All currency systems are belief systems, and bitcoin has attracted a wide range of believers.
Popper’s account occasionally bogs down in intramural squabbles and tangential characters. Describing the scene at an early gathering of the bitcoin faithful, Popper writes: “The conference was a rather apt representation of bitcoin itself, with its odd mixture of chaos, community, snake oil, innovation, high-mindedness, and enthusiasm.” But on the whole, he manages to convey the advent of bitcoin as a development that was somehow both unlikely and inevitable.
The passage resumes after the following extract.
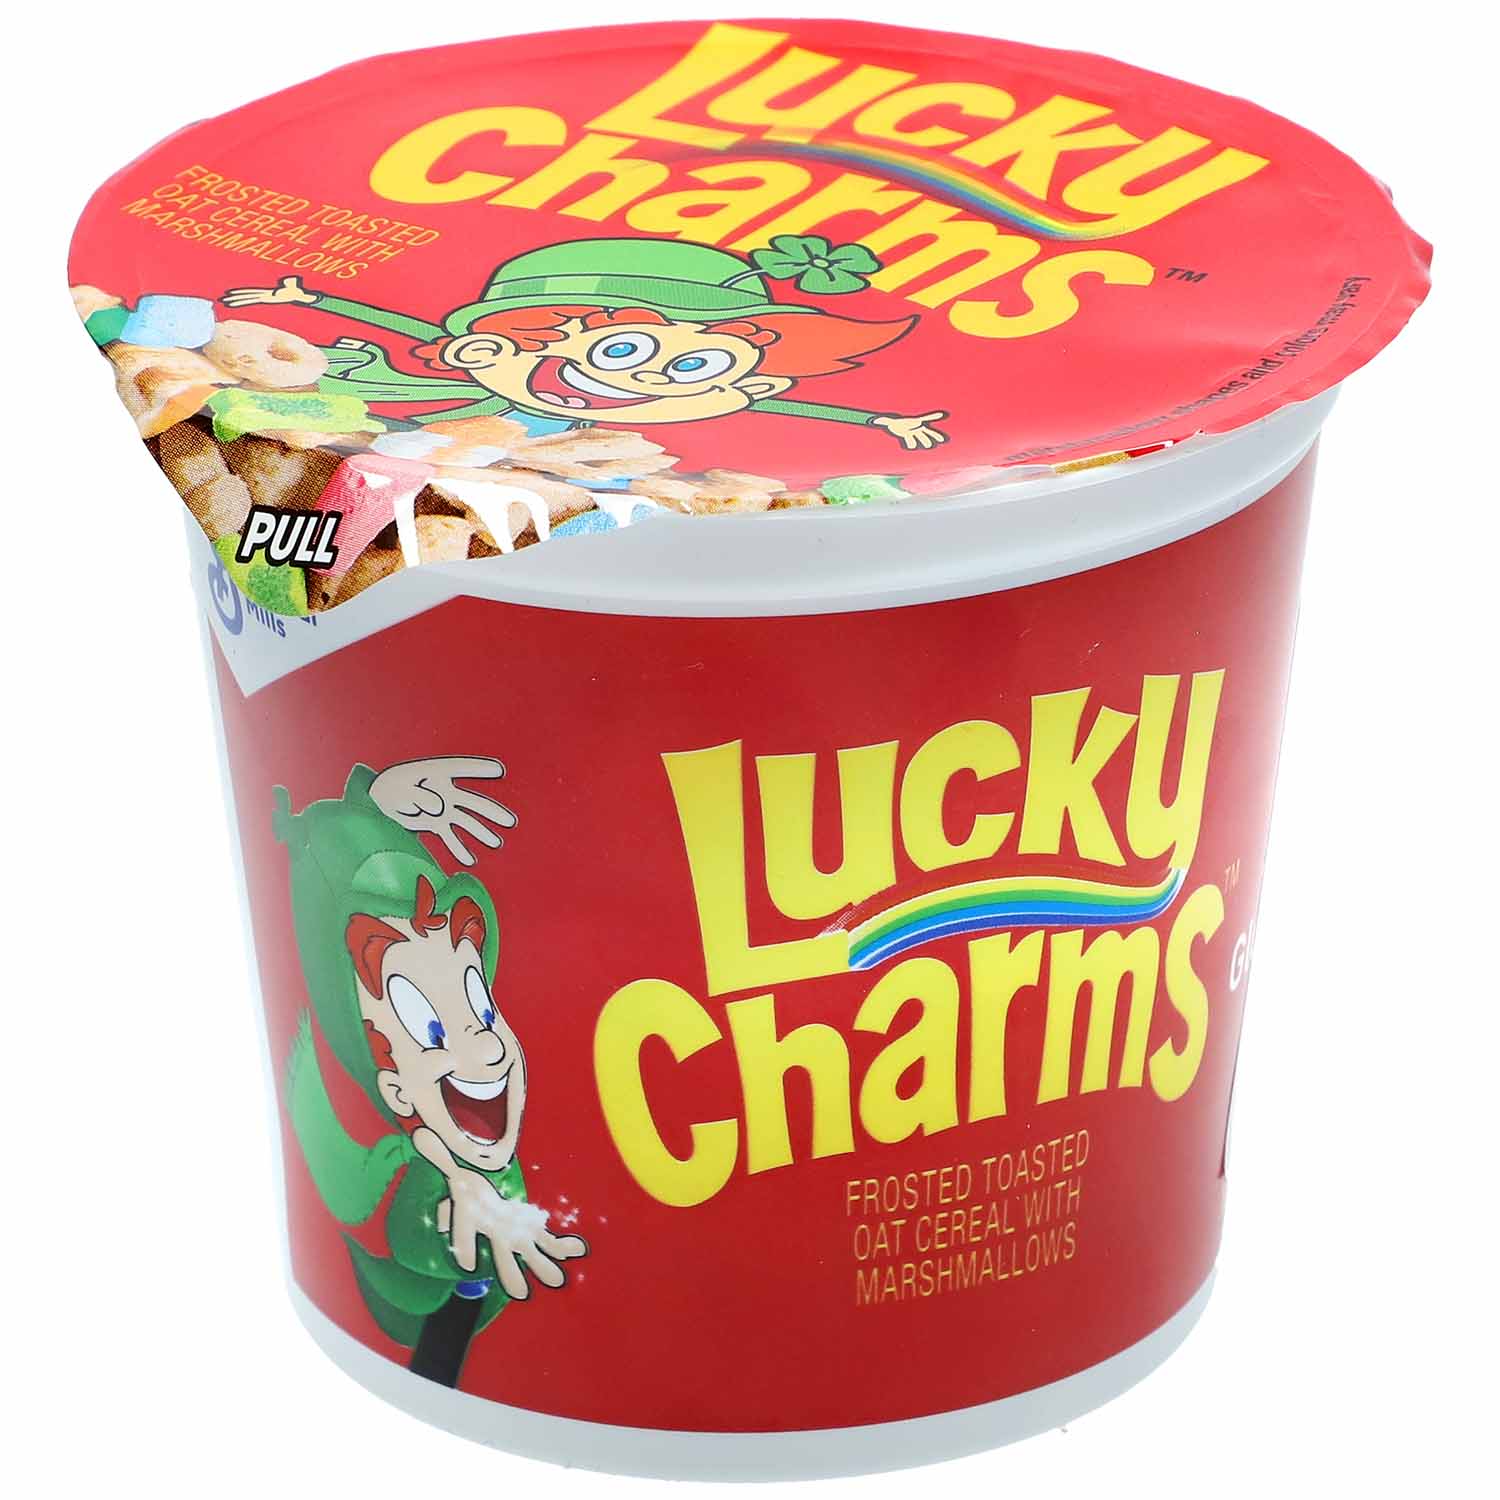 https://www.worldofsweets.de/out/pictures/master/product/1/lucky-charms-48g-no1-5853.jpg

Why inevitable? Many of the factions that took to bitcoin had been searching for a digital cash solution for a long time. And Nakamoto’s email entered a world shaken and baffled by the global financial crisis of 2008, which was then reaching its depths. When the U.S. Federal Reserve began buying trillions of dollars’ worth of bonds to support and energize the financial system and economy, many people asked, for the first time, where the Fed got the money. When it turned out the answer was that the central bank prints money and injects it into the economy with a few keystrokes, some of those same people began to see the merit of a rules-based system for making and exchanging a new kind of digital money. The same energy that gave force to the Occupy Wall Street movement sent some people flocking to bitcoin as a path to a purer economic existence.
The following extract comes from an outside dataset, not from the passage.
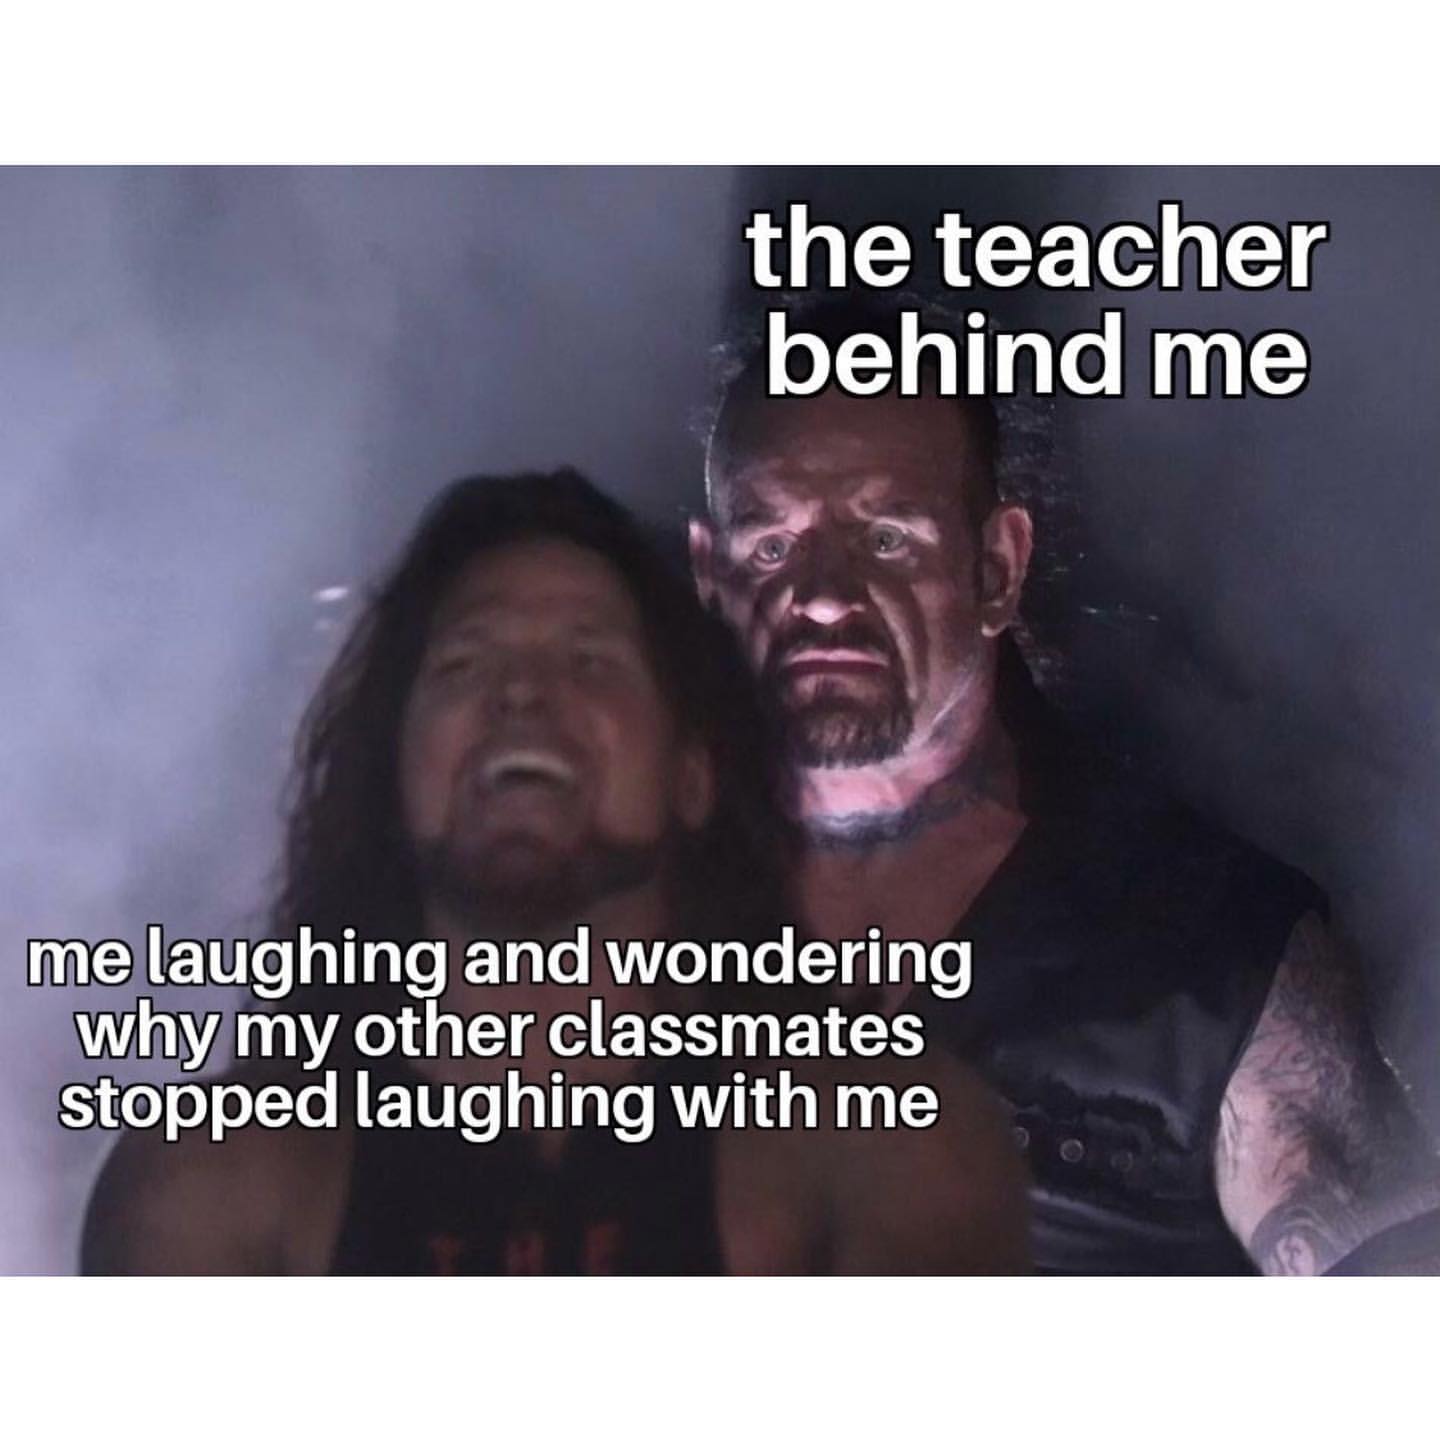 The teacher behind me.  Me laughing and wondering why my other classmates stopped laughing with me.

When this window of opportunity opened, players such as top venture capitalists, Goldman Sachs, and the New York Stock Exchange lent bitcoin some legitimacy with investments or alliances with related businesses. The financial establishment, it turns out, loves to jump on disruptive new trends. The Winklevoss twins, immortalized in the film The Social Network, have been enthusiastic evangelists for bitcoin.
Less than a decade after bitcoin’s arrival, however, there are signs that the bubble may have burst. The crisis has passed, Western governments remain solvent, the dollar is ascendant, and Silicon Valley is busy creating mobile payment apps based entirely on our existing infrastructure of banks, credit-card processors, and national currencies. Bitcoin now trades at around 20 percent of its peak dollar price set in 2013.
Does that mean bitcoin will soon be a relic? Popper is a reporter, not a seer. And he wisely doesn’t handicap bitcoin’s prospects for success as a parallel currency, even as he details its move closer to the financial mainstream and away from its underground origins.
And he’s right to stick to reporting. The adoption curve of new technologies and the fickle mood of financial markets tend to make fools of would-be prophets. The future of bitcoin depends on both those phenomena.
- Michael Santoli is a contributor to CNBC and a senior columnist at Yahoo Finance.